Detoxing for the 10th (maybe?) time...

I've been a long time "watcher" of this community and this is the first time I've felt scared and helpless enough to actually post.
I've been fighting my painkiller addiction, on and off, for the past 10 years. It's my 30th birthday in about 3 weeks and I keep telling myself that, as a present to myself, I'll finally get myself clean and get my life on track by then. From where I am sitting now, that doesn't look like it is going to happen. I've chosen to post the story/my history with painkillers here because I think I just need to get it out and, even though this board is populated by strangers, It will mean something to me that someone knows the truth about where I am in with this struggle that has taken over the last 3rd of my life.
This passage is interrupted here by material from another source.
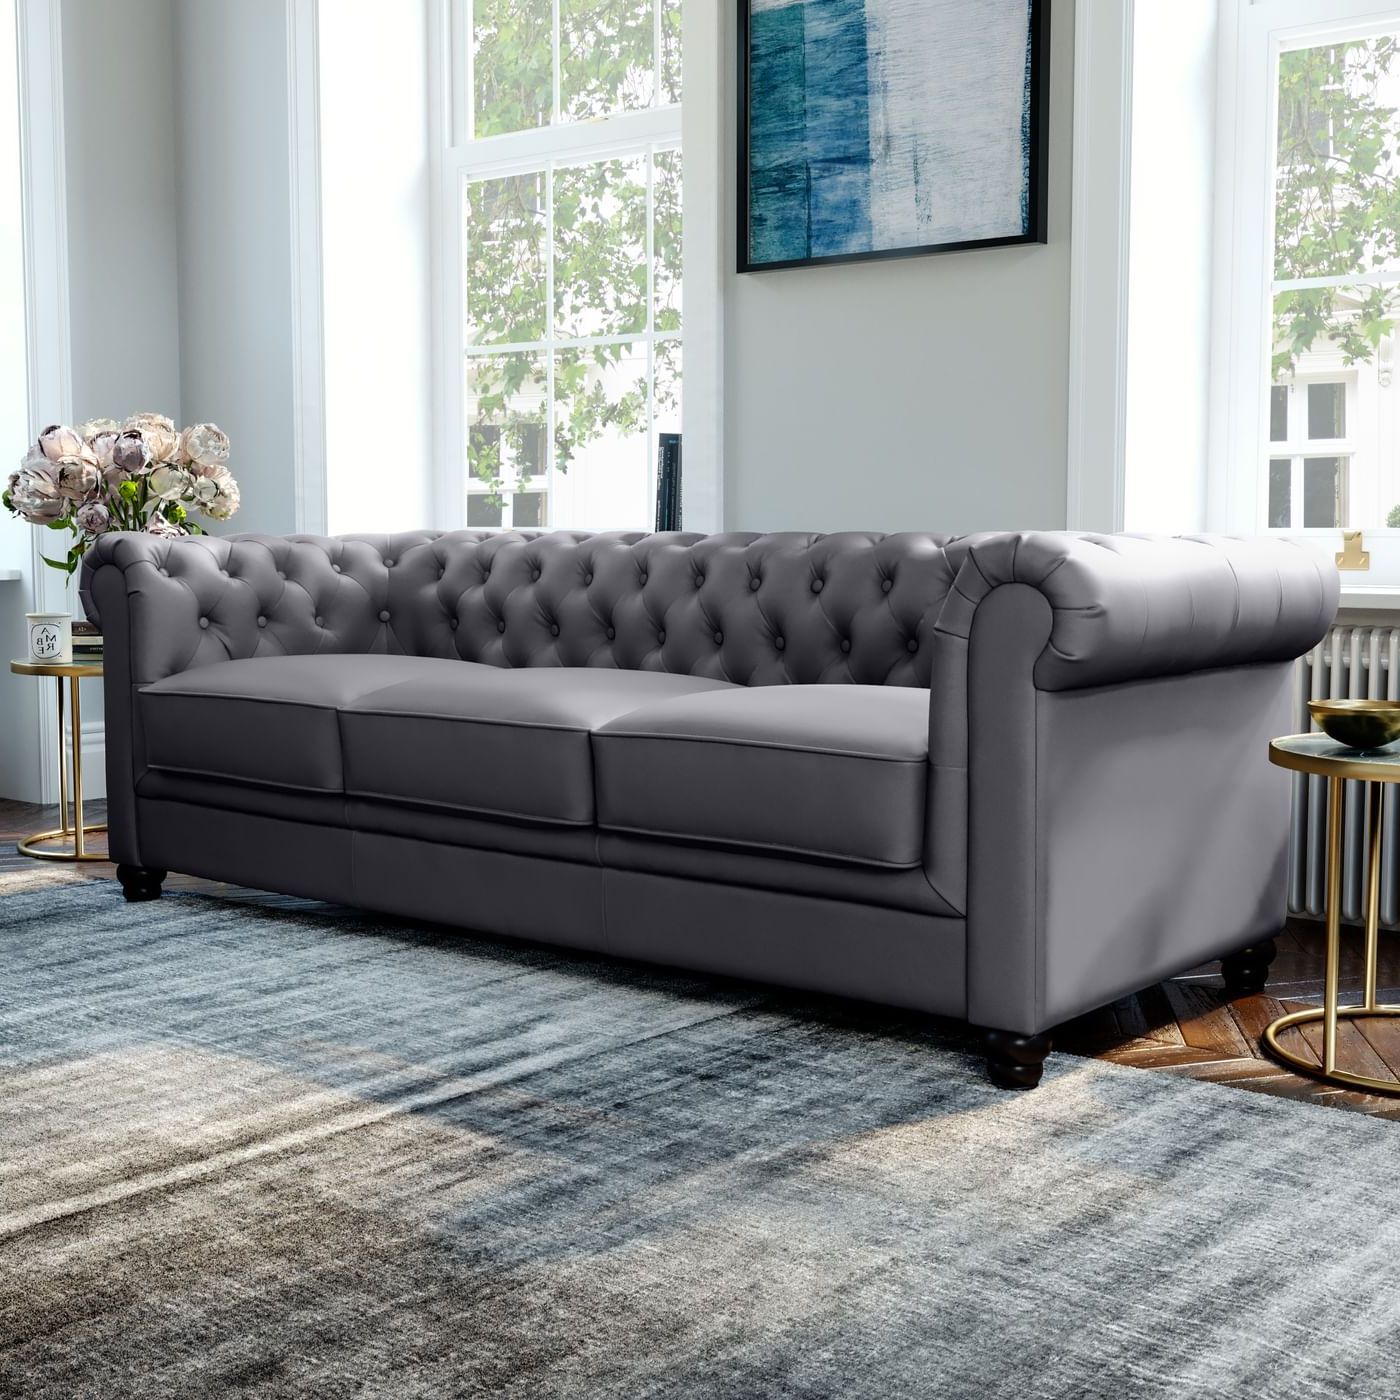 Hampton Grey Leather 3 Seater Chesterfield Sofa (View 9 of 15)

I still remember the first time I took painkillers.It was when I had first met the girl that would go on to become my current wife. At the time, she was living in LA going to school and I lived in Seattle. On one of my first trips down to see her we decided to take some of her leftover Percocet (I think they were 5/500’s) and go to Universal City Walk, a brightly-lit shopping and dining area outside of Universal Studios. I remember, to this day, how incredible that trip was…The two of us buzzing equally hard on our newfound love as we were from the drugs we had taken. The whole night has been etched in my memory since. I remember sitting at a table at Starbucks underneath a huge neon sign (I think it was a guitar or a gorilla?) and feeling more alive and happy than I had ever felt. I told her I loved her that night and that I was going to marry her.
Fast forward a few months from that night together. I’ve been dating her for a while and recreationally taking painkillers was becoming more and more a habit for us. We’d take them and watch TV and movies for hours. We’d take them and going shopping…and rack up WAY to many purchases since we were feeling so good. I don’t know if I was physically addicted at the time but I do know that I was almost always the one that suggested we took them. It was starting to cause a strain in our relationship at times but nothing like what was down the road.
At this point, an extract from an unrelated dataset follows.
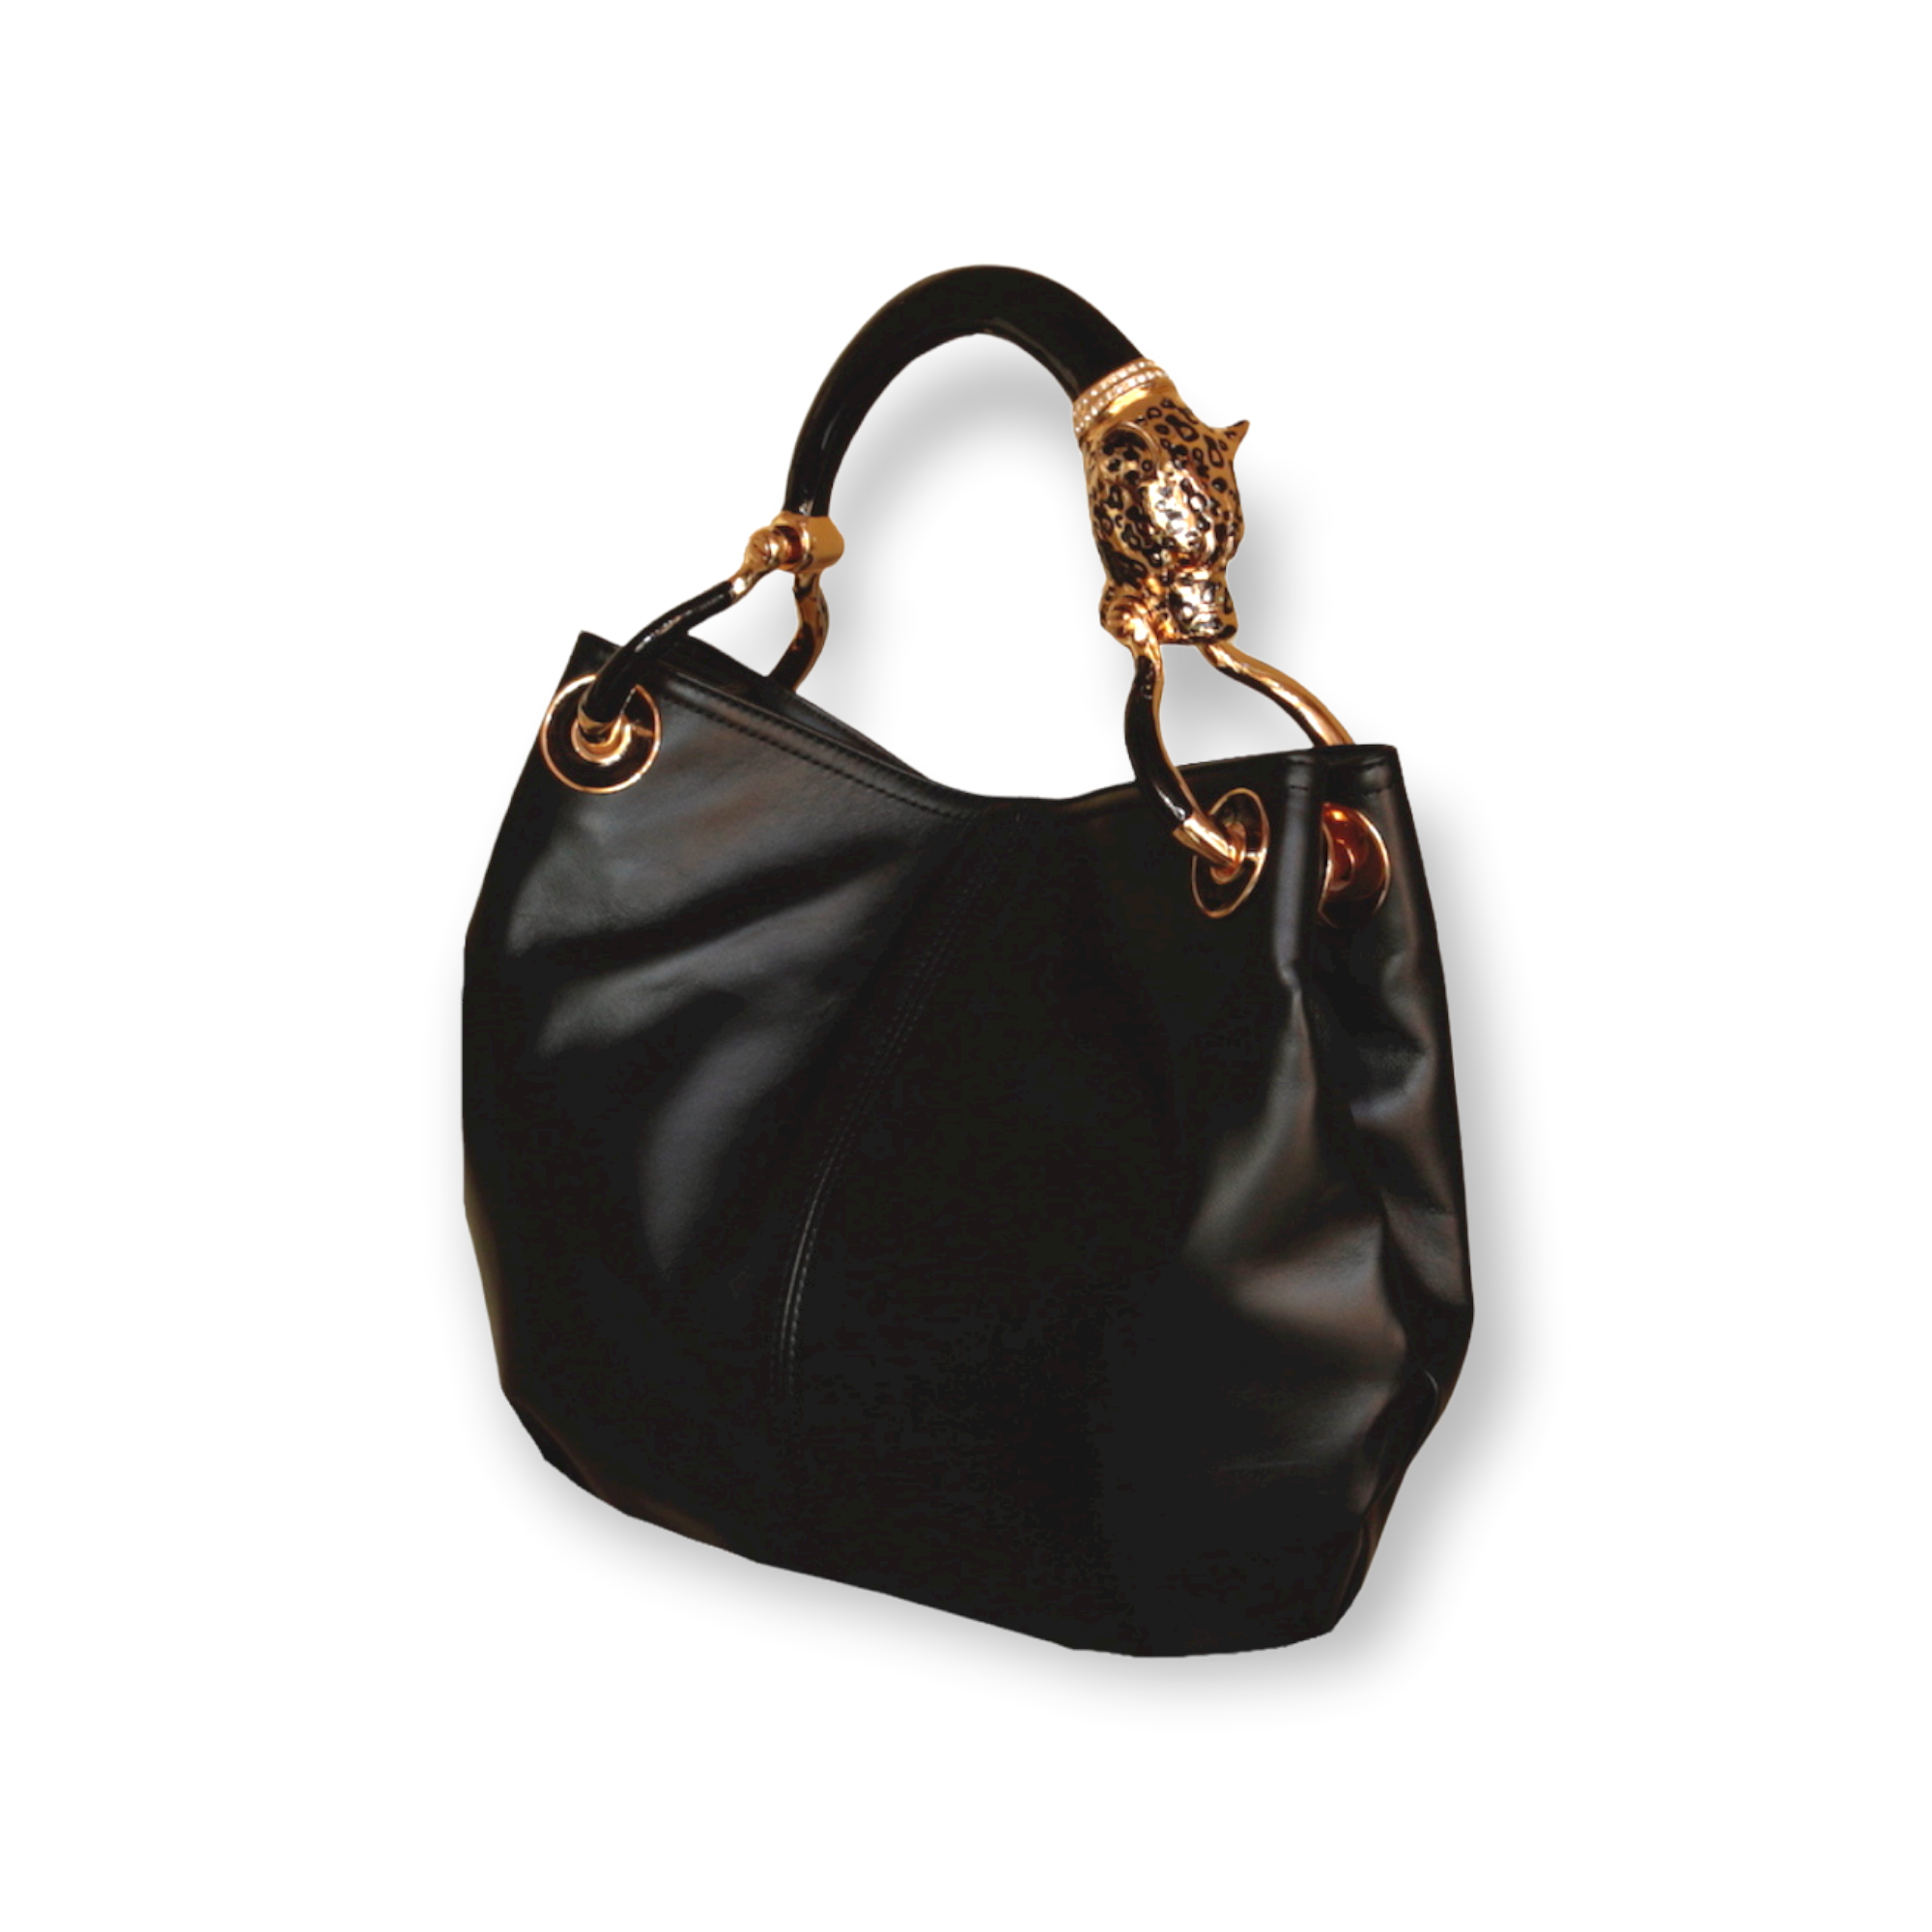 Precious handbag made in Italy in vegan leather with fine accessories made in polychrome enamels and exclusive

Things continued this was for a year or two. We’d go through periods of taking the pills together and pills of not having any to take. I’d get one or two from a friend here and there but nothing big. Again, I’m not sure when this changed. I went from taking them WITH my then girlfriend, to stealing them FROM her. I’d sneak one or two here and there and she wouldn’t notice so I’d sneak a few more pills more often. I think this is where my problem really started in earnest. Once my partner in usage was taken out of the equation and I was left solely up to my own intake control I started taking them more and more.

Of course, eventually she caught me stealing the pills which we were now buying in large amounts over the internet without a RX. She was furious and hurt but, mostly, concerned about me and MY well-being. I don’t even remember how we got through it or what I promised or said. Long story short, life moved on…and so did my addiction. There were a few months here and there where I managed to get myself off them with almost no trouble, which only furthered my belief that they were harmless.
A couple more years went by, we were now engaged and I had started living at my parents’ house to save money for the wedding. We were totally in love and excited to start our new life together. At this point my fiancé’ had been diagnosed with a serious chronic pain disorder and had started being proscribed large amounts of painkillers to manage it. As I had before, I stole these off and on for quite some time….got caught…and more stress and fighting grew from that. Through it all, however, we did love each other and, even though I was lying to her almost daily now about my problem, I truly loved her as well.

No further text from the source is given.